We want to kill a process provided that only process name is given and we are to first find out the process id and then kill the process. Yes, in one go! That is, using pipe.

So, I tried this (the bold text):

Code:

[root@localhost cups]# ps au
USER      PID %CPU %MEM    VSZ  RSS TTY      STAT START  TIME COMMAND
root      3114  0.0  0.0  1664  420 tty2    Ss+  Apr22  0:00 /sbin/mingetty tty2
root      3115  0.0  0.0  1664  420 tty3    Ss+  Apr22  0:00 /sbin/mingetty tty3
root      3116  0.0  0.0  1664  420 tty4    Ss+  Apr22  0:00 /sbin/mingetty tty4
root      3117  0.0  0.0  1664  424 tty5    Ss+  Apr22  0:00 /sbin/mingetty tty5
root      3120  0.0  0.0  1664  424 tty6    Ss+  Apr22  0:00 /sbin/mingetty tty6
root      3198  0.0  0.8  25964 17020 tty7    Ss+  Apr22  0:04 /usr/bin/Xorg :0 -br -audit 0 -a
root      6316  0.0  0.0  4672  1420 tty1    Ss+  Apr22  0:01 -bash
root      9579  0.3  0.0  4672  1504 pts/0    Ss  03:55  0:13 -bash
devil    10246  0.2  0.0  4540  1396 pts/1    Ss  04:36  0:02 -bash
devil    10389  9.6  0.0  2336  1056 pts/1    S+  04:49  0:13 top
root    10428  0.0  0.0  4260  928 pts/0    R+  04:52  0:00 ps au
[root@localhost cups]# pidof top
10389
[root@localhost cups]# pidof top | killkill: usage: kill [-s sigspec | -n signum | -sigspec] pid | jobspec ... or kill -l [sigspec]
[root@localhost cups]#

But it doesn't work. I am wondering why piping is not working here.


I tried this method also, but the same eorror occured:


Code:

[root@localhost cups]# ps au | grep top | head -n 1 | awk '{ print $2 }' | kill

syg00 04-22-2010 06:40 PM

Piping only works if the program expects stdin. Try
Code:

killall $(pidof top)

Hi_This_is_Dev 04-22-2010 06:42 PM

Quote:

Originally Posted by syg00 (Post 3944555)
Piping only works if the program expects stdin.

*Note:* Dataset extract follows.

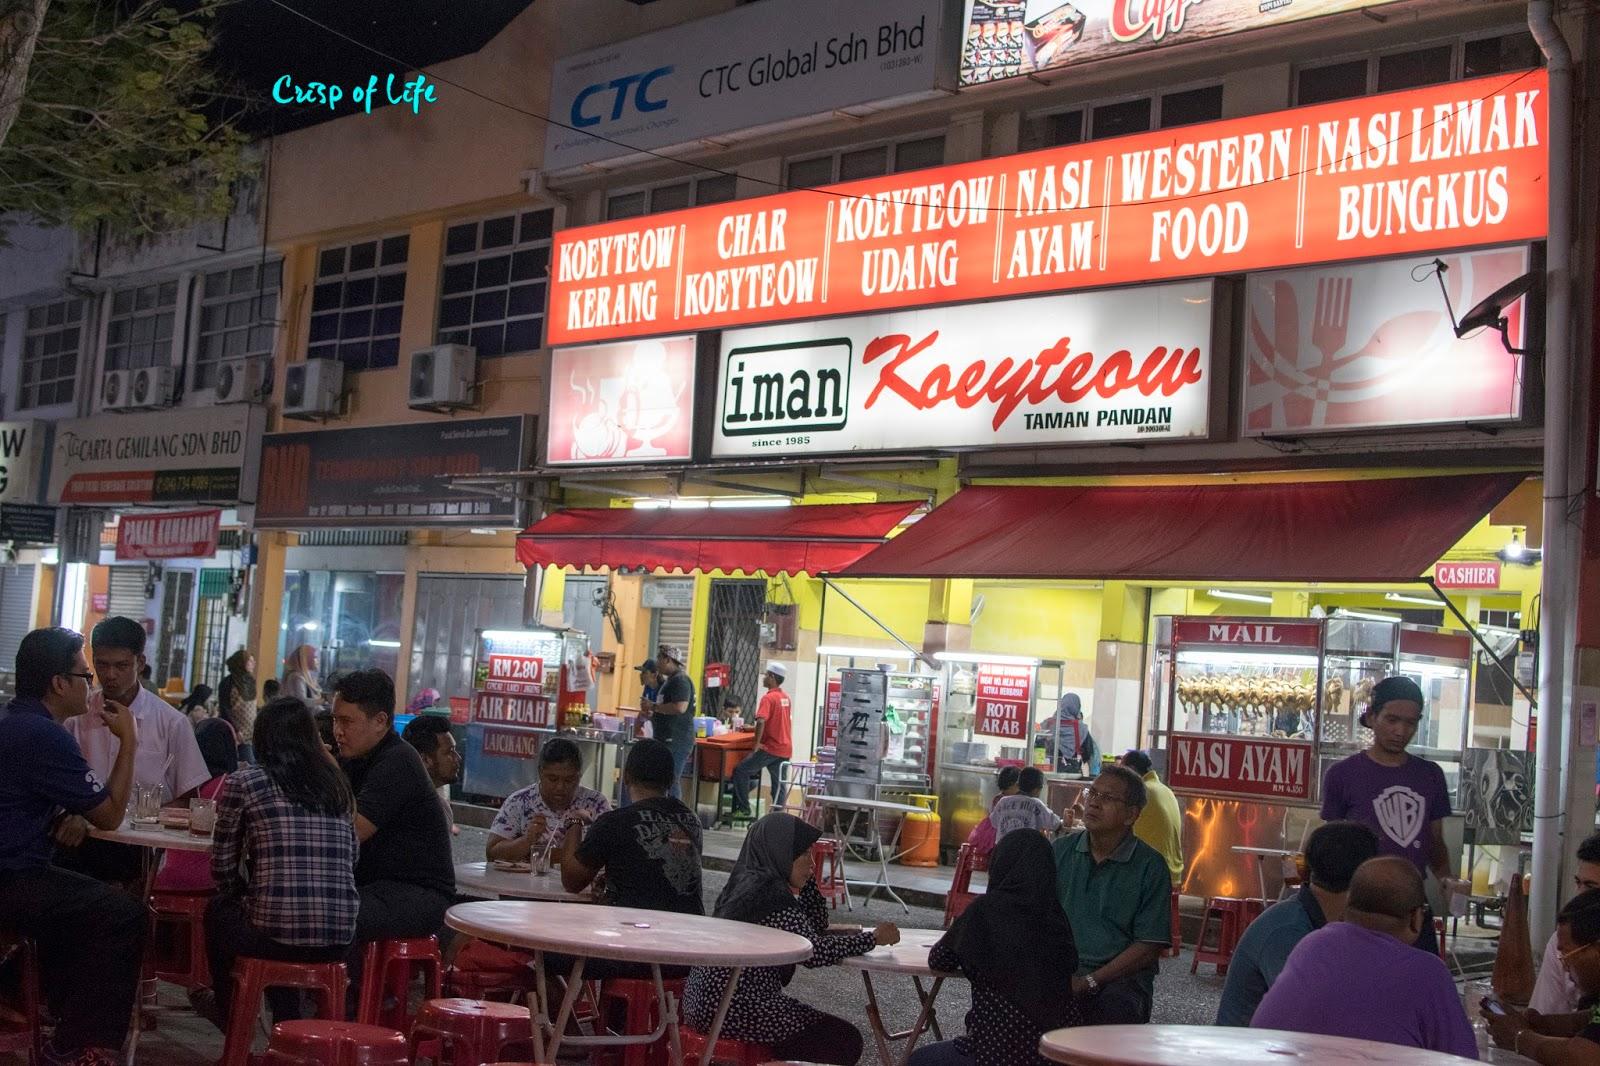 Koay Teow Kerang Iman Alor Setar

Try
Code:

killall $(pidof top)


Well, tried it...

Code:

[root@localhost cups]# ps au
USER      PID %CPU %MEM    VSZ  RSS TTY      STAT START  TIME COMMAND
root      3114  0.0  0.0  1664  420 tty2    Ss+  Apr22  0:00 /sbin/mingetty tty2
root      3115  0.0  0.0  1664  420 tty3    Ss+  Apr22  0:00 /sbin/mingetty tty3
root      3116  0.0  0.0  1664  420 tty4    Ss+  Apr22  0:00 /sbin/mingetty tty4
root      3117  0.0  0.0  1664  424 tty5    Ss+  Apr22  0:00 /sbin/mingetty tty5
root      3120  0.0  0.0  1664  424 tty6    Ss+  Apr22  0:00 /sbin/mingetty tty6
root      3198  0.0  0.8  25964 17020 tty7    Ss+  Apr22  0:04 /usr/bin/Xorg :0 -br -audit 0 -a
root      6316  0.0  0.0  4672  1420 tty1    Ss+  Apr22  0:01 -bash
root      9579  0.5  0.0  4672  1504 pts/0    Ss  03:55  0:23 -bash
devil    10246  0.0  0.0  4540  1396 pts/1    Ss  04:36  0:02 -bash
devil    10449  9.4  0.0  2336  1040 pts/1    S+  04:58  1:14 top
root    10609  0.0  0.0  4260  928 pts/0    R+  05:11  0:00 ps au
[root@localhost cups]# killall $(pidof top)
10449: no process killed
[root@localhost cups]#

No desired result yet!

syg00 04-22-2010 09:32 PM

Sorry my fault - I thought you had killall (which I never use). Use kill, not killall. D'oh

damgar 04-22-2010 09:41 PM

Code:

kill `ps axu | grep WHAT-EVER-TOP-WOULD-CALL-THE-PROCESS | awk '{print $2}'`
Note the backticks.

Hi_This_is_Dev 04-23-2010 03:33 PM

Quote:

Originally Posted by syg00 (Post 3944713)
Sorry my fault - I thought you had killall (which I never use). Use kill, not killall. D'oh

You're right. This one works:

Code:

kill $(pidof processName)
I just checked your post. However, I found that solution somewhere else.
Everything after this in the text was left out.